===== DATASET SECTION =====
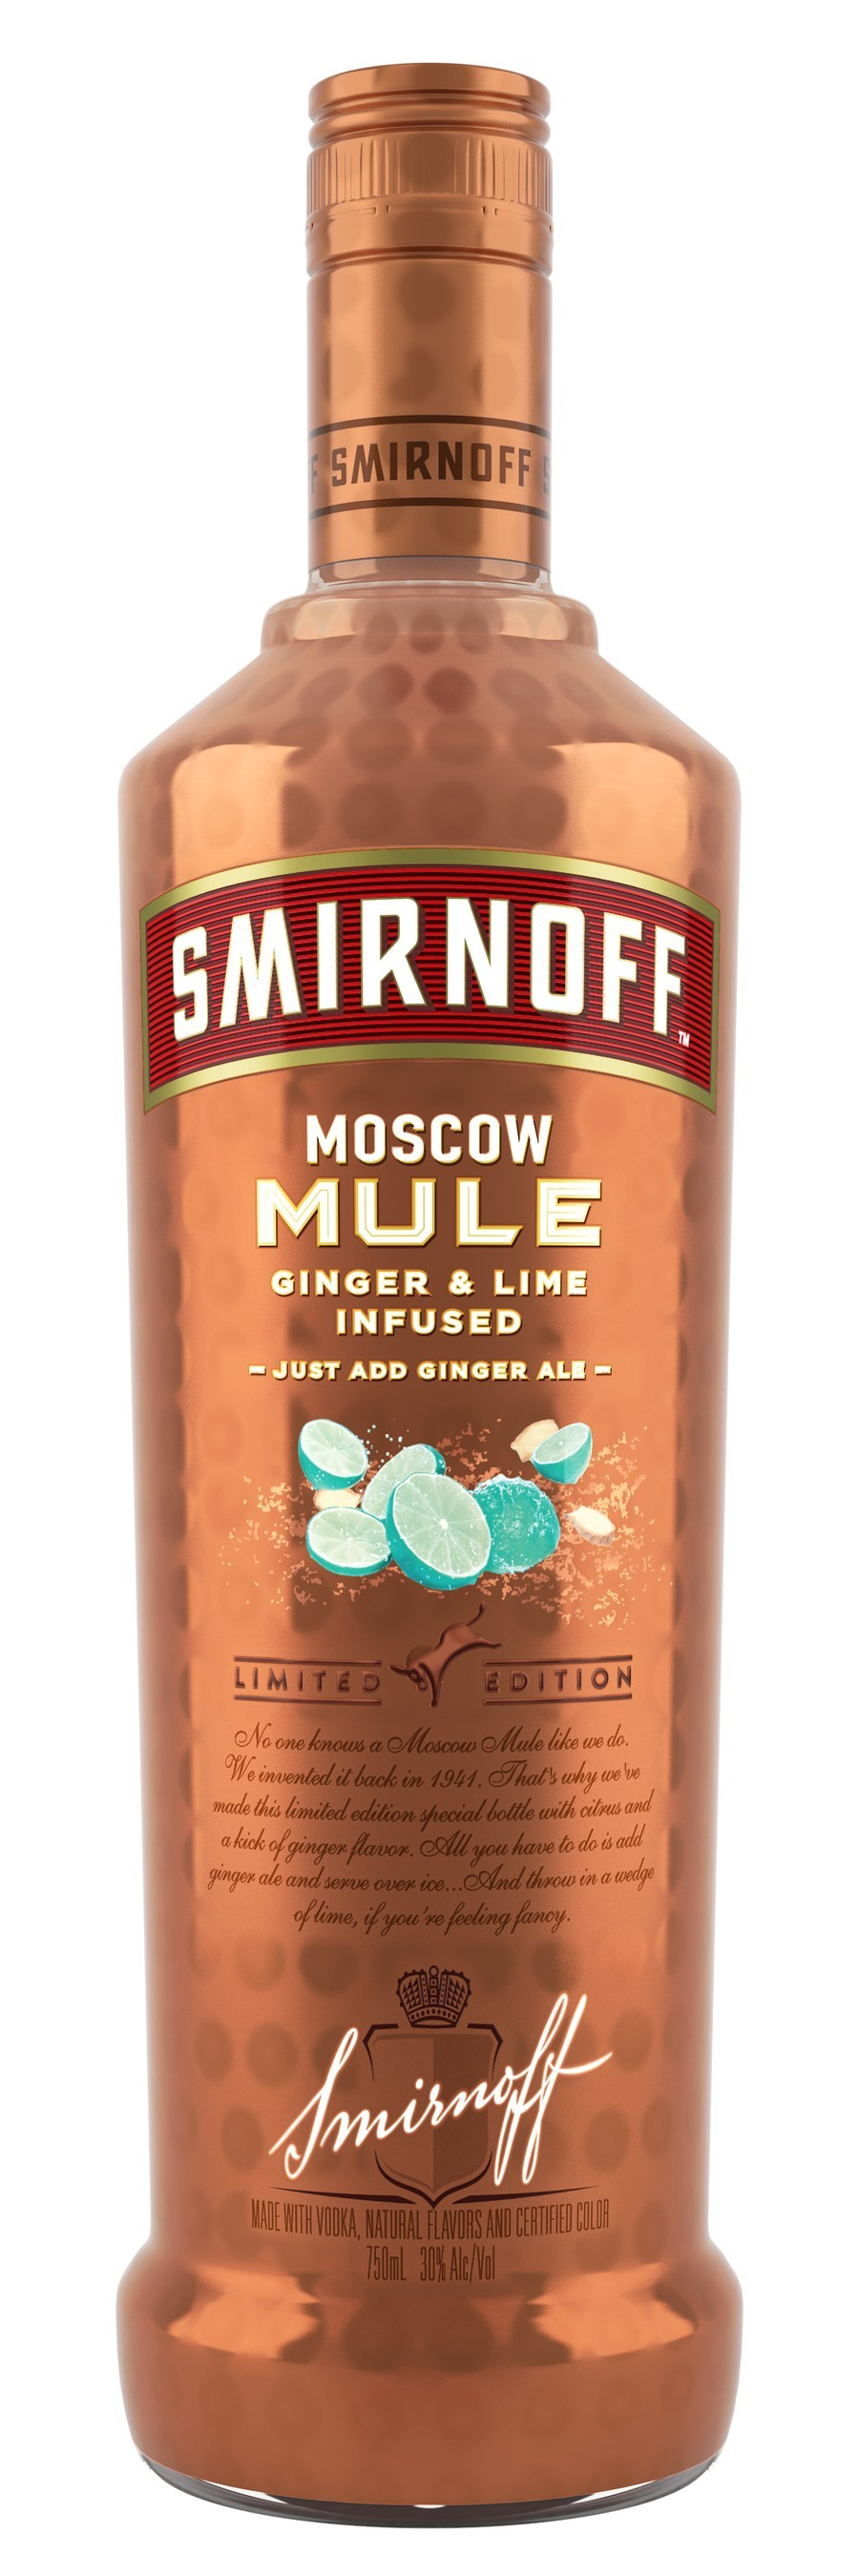 Smirnoff Vodka Reinvents The Moscow
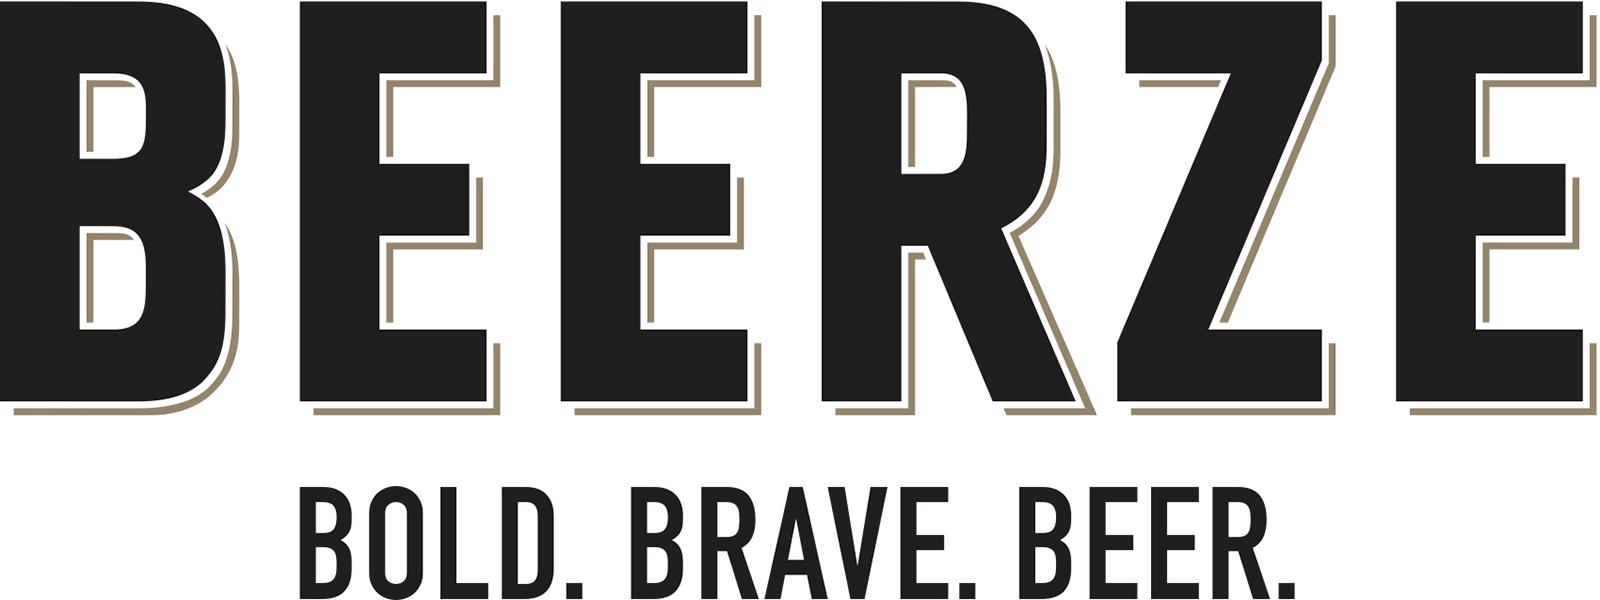 Beerze Bold Brave Beer FSOM Magazine TheDutchBeerDad
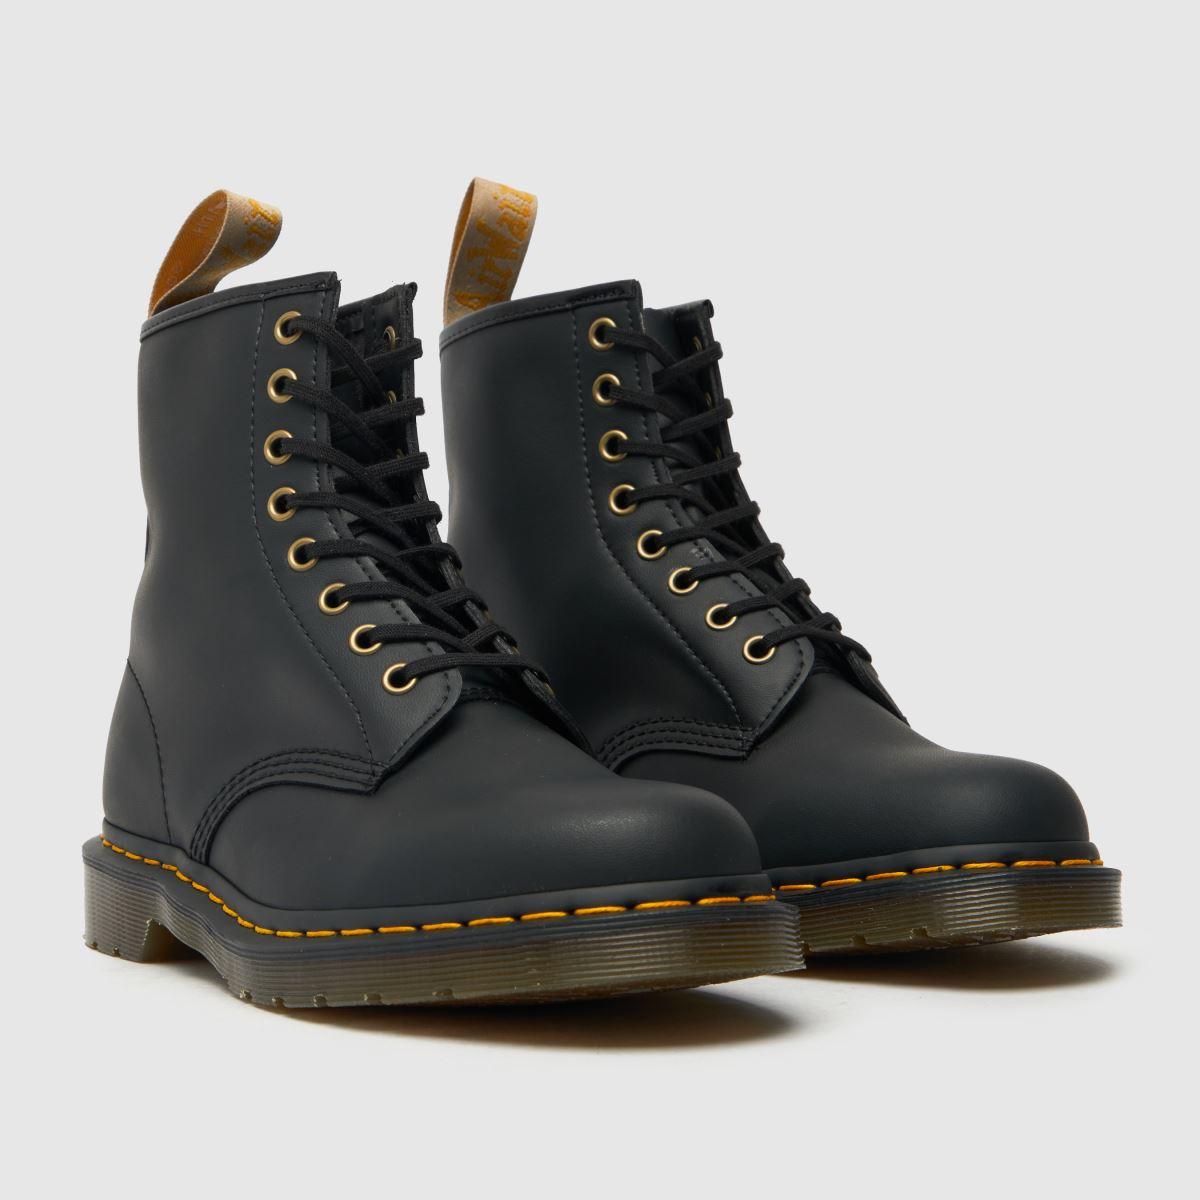 Damen Schwarz dr martens Vegan 1460 8 Eye Boots   schuh Gute Qualität beliebte Schuhe
=====
TASK -
Reprint the whole listing verbatim except for the pictures.

TASK RESPONSE -
 Smirnoff Vodka Reinvents The Moscow
 Beerze Bold Brave Beer FSOM Magazine TheDutchBeerDad
 Damen Schwarz dr martens Vegan 1460 8 Eye Boots   schuh Gute Qualität beliebte Schuhe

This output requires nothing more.